How can I reflect this in my Water Profile? Is setting the "Chloride" field to 0 appropriate?

Adding a Campden tablet to the Recipe doesn't seem to have any effect on any values in the Water tab.
 
You are correct. BeerSmith3 will not add sodium and sulfate to the water profile from campden additions. The only things that affect water in BeerSmith3 are the additions on the water tab (or in the water profile tool): gypsum, table salt, epsom salt, calcium chloride, baking soda and chalk. Calcium hydroxide (pickling lime) is something that many brewers use and would like to see added, as well as the contributions from campden. BeerSmith3 does a much better job of dealing with water than BeerSmith2, but it sill has serious shortcomings. Bru'nWater can properly deal with campden and calcium hydroxide, and I would recommend using it.
https://www.brunwater.com/

--GF
 
x3la said:
I normally use 1/2 a Campden tablet for each batch to eliminate Chlorine from the water.

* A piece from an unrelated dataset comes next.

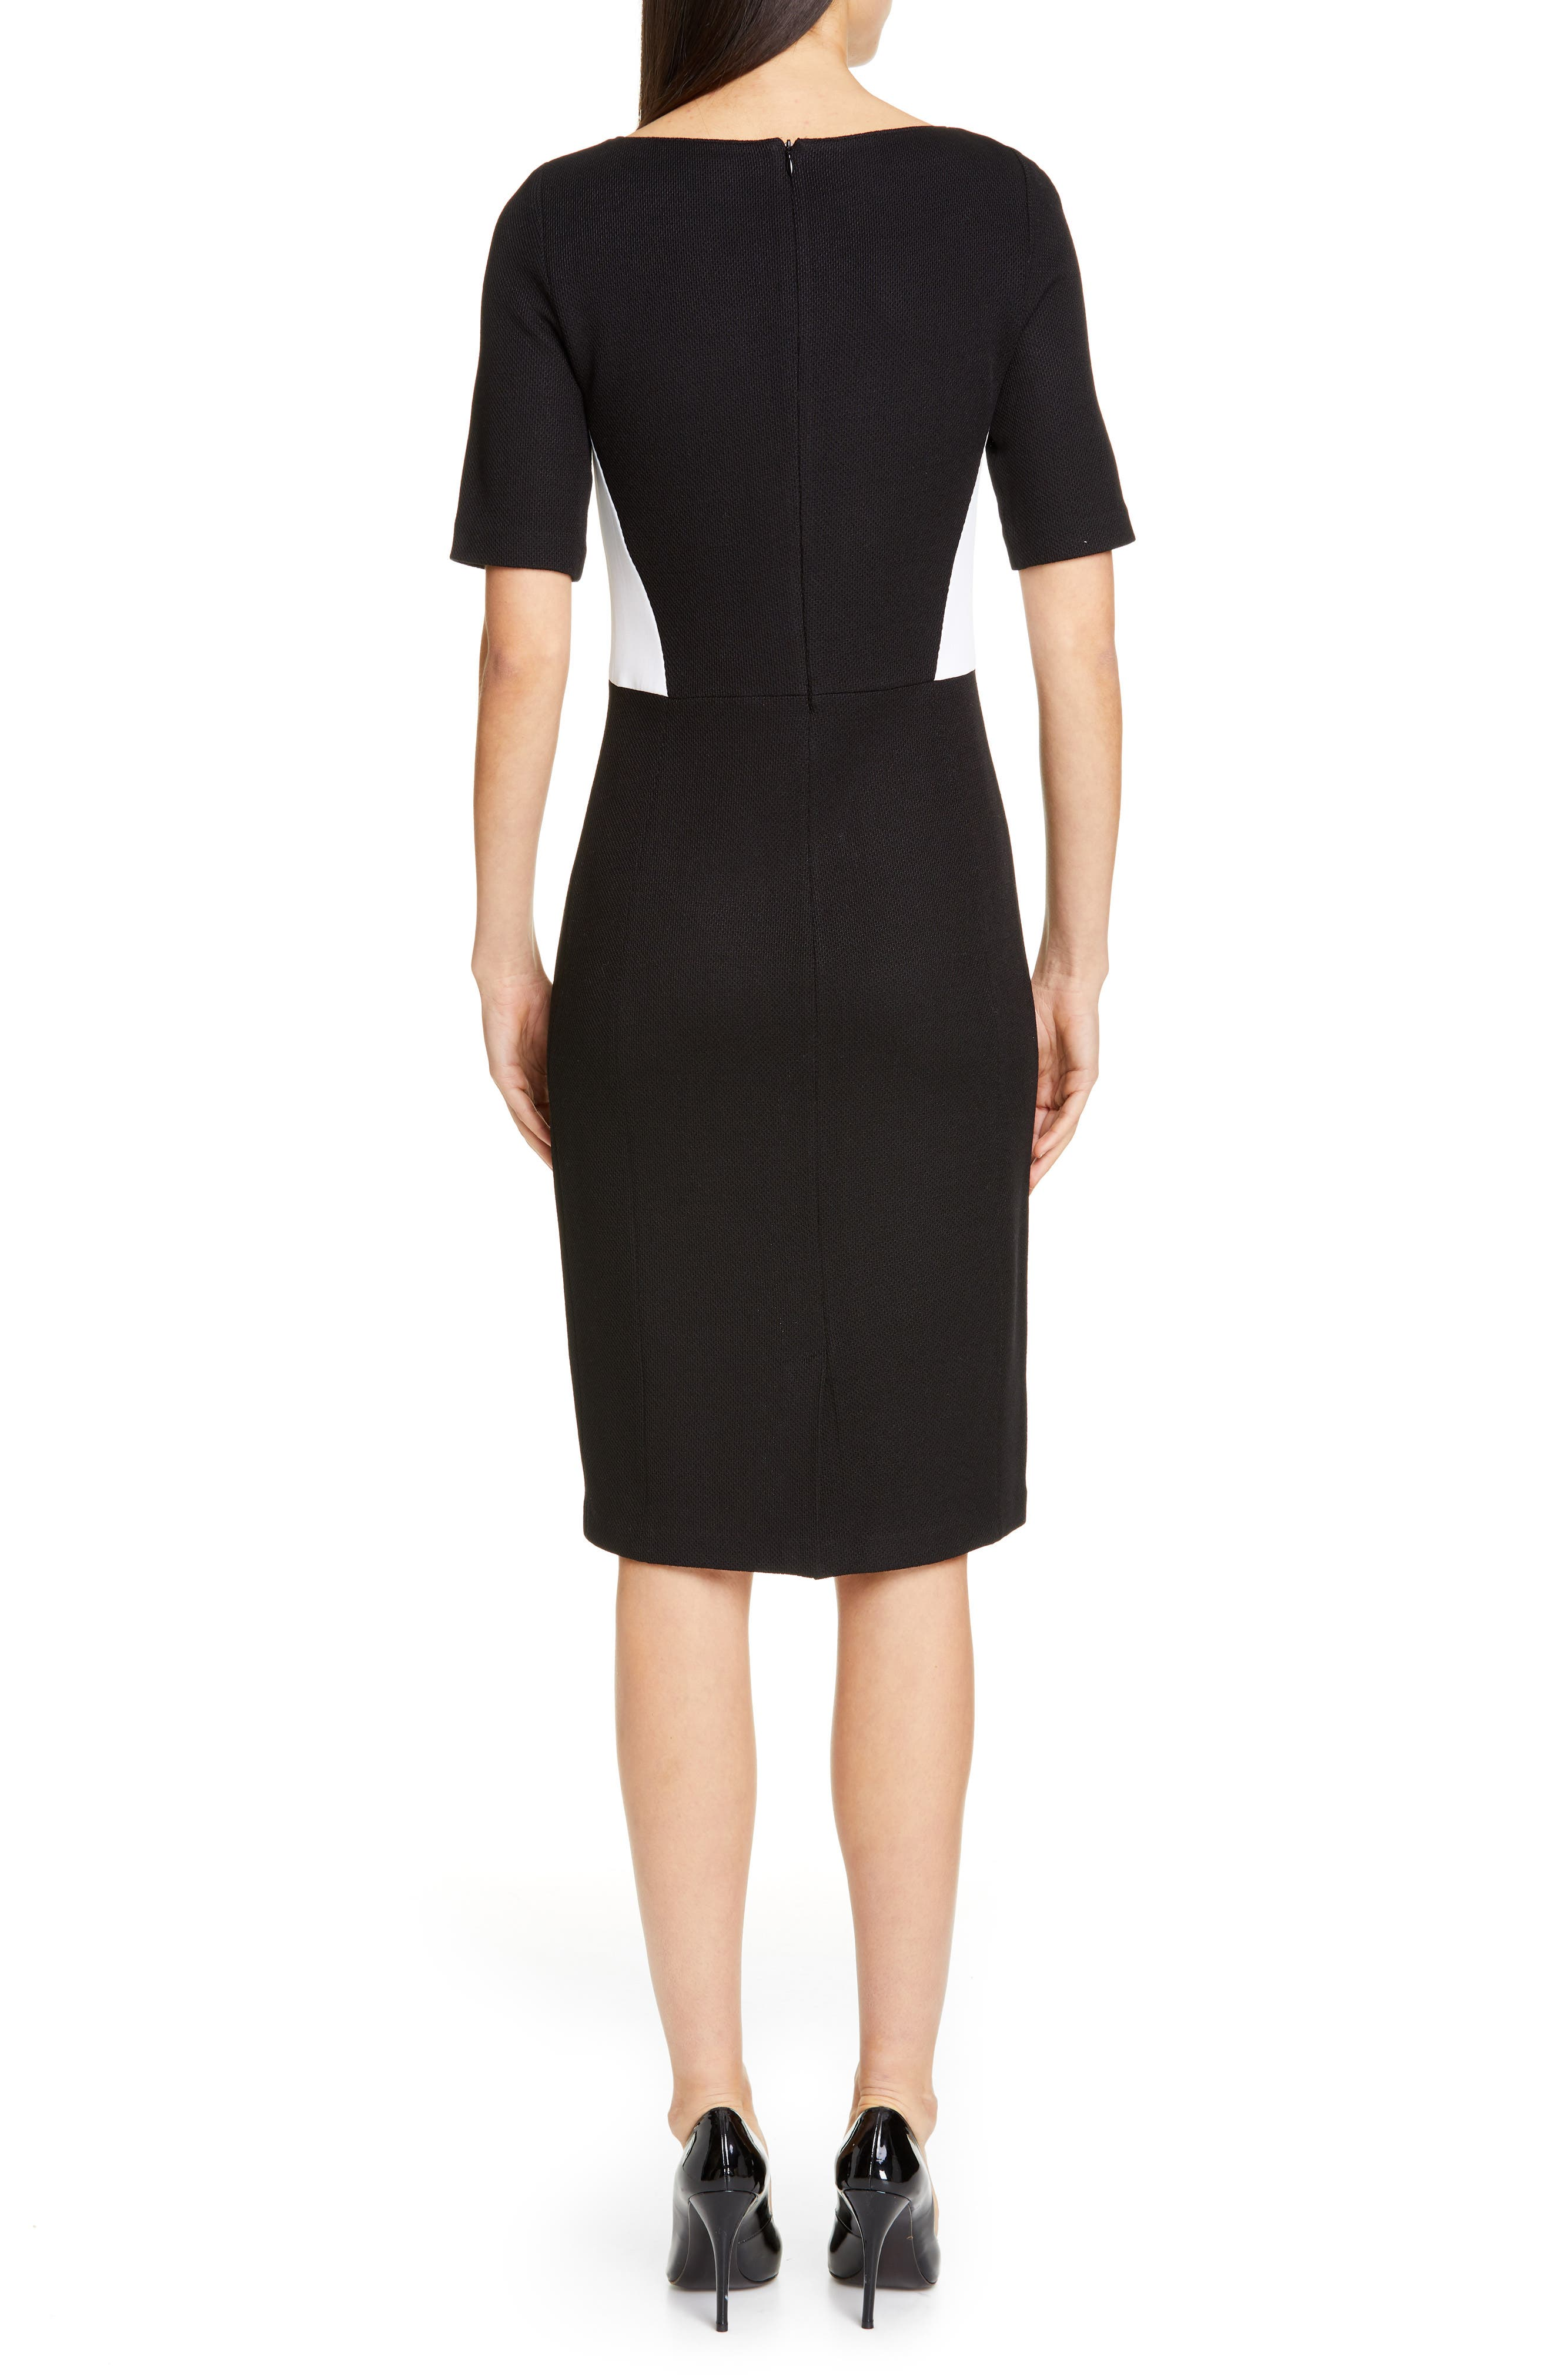 ST. JOHN COLLECTION, Piqué Milano Knit Dress, Alternate thumbnail 2, color, CAVIAR/ BIANCO
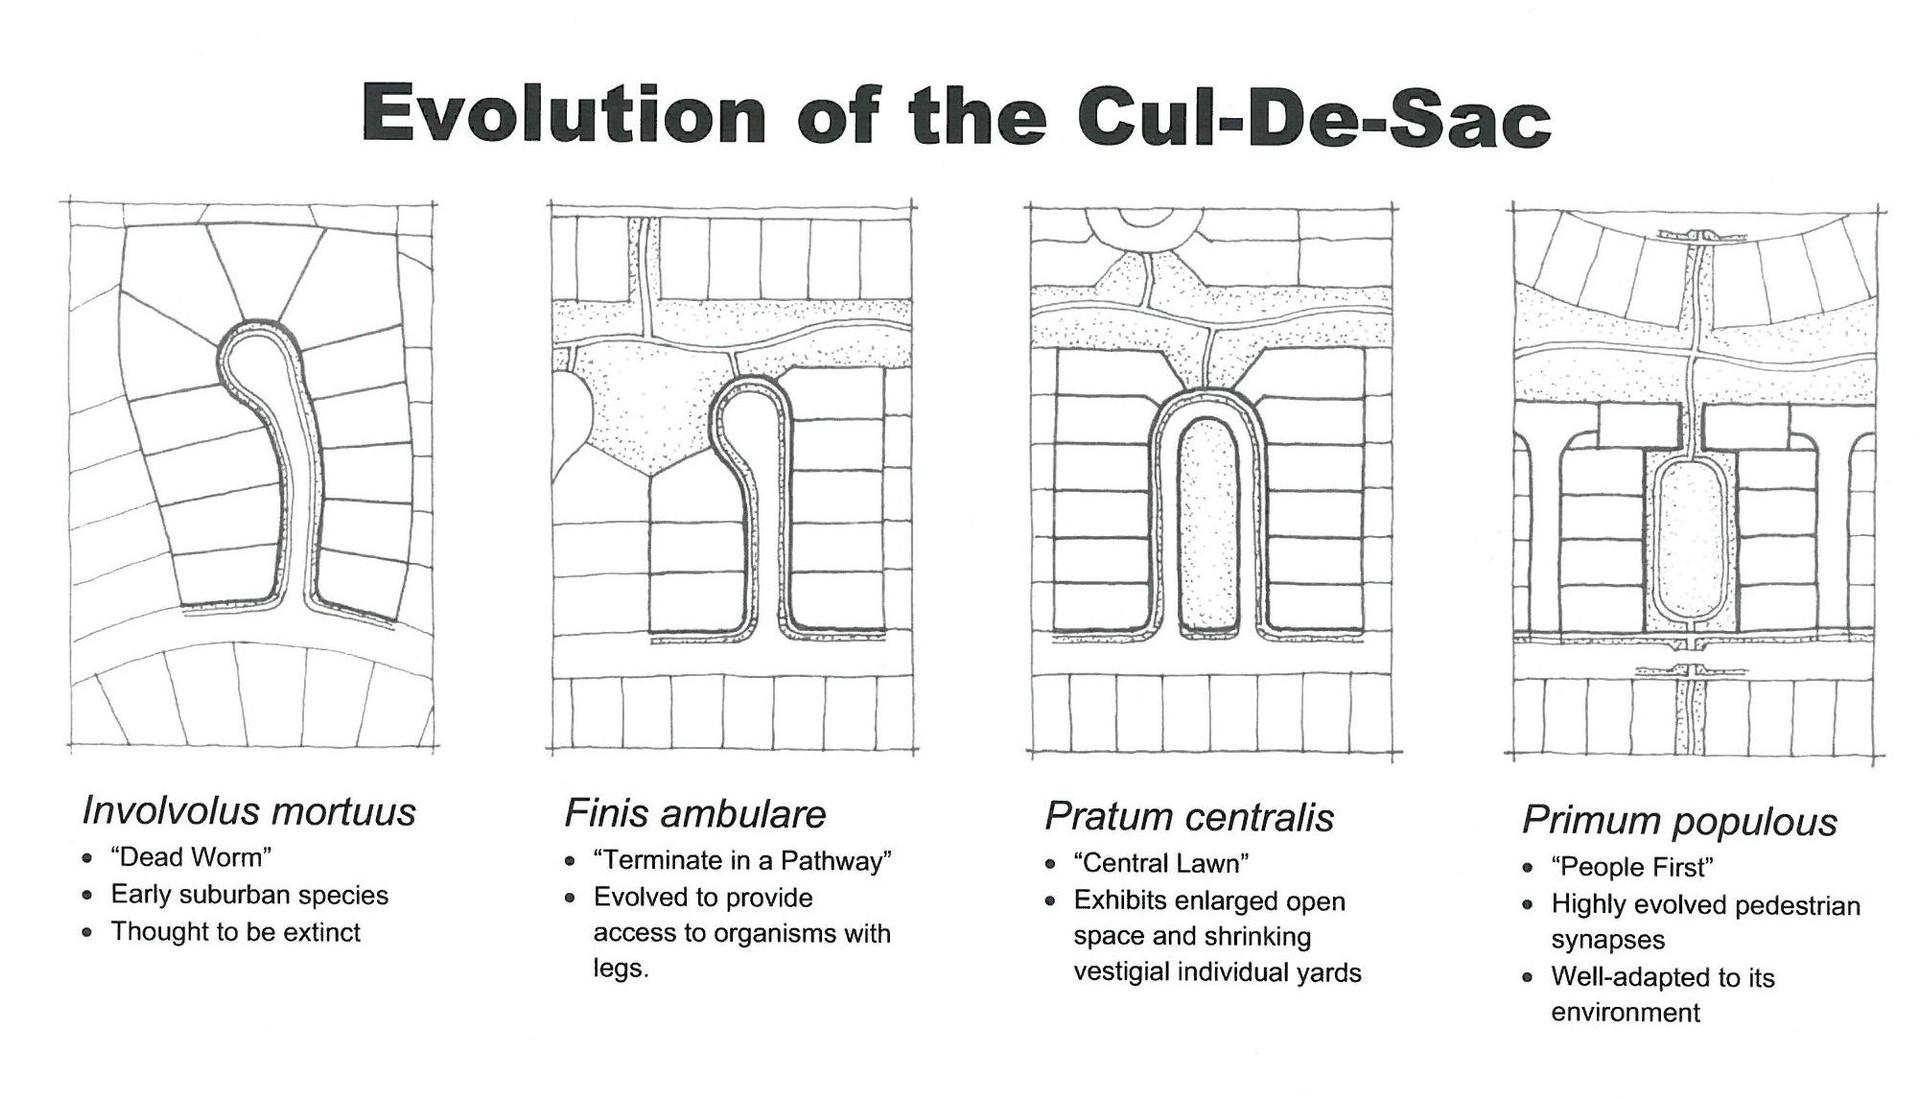 Evolution of the Cul-de-sac

The amount of campden used (there are two types, soduim metabisulfite and potassuim metabisulfite) is dependent on the amount of chlorine or chloromine in your water.

As a rule of thumb, you get 1:1 mg/l chloride from chlorine or chloromine. You get about 1.25:1 sulfate in the same retaction. Excess metabisulfate is converted into sulfur dioxide (the kill power for wine making) which is reduced into sulfate in the mash and/or boiled off in standing hot water.

Most municipalities use about 3 mg/l chlorine. This is a very, very small amount of chloride and sulfate to account for. It's probably lost in the noise of water mineral variations during the year and by minor variations in your water use per batch. If you're adding minerals, then all bets are off because there is such a wide target range for any water profile. It's your call to decide if chasing the exact number is worth the extra tracking and record keeping.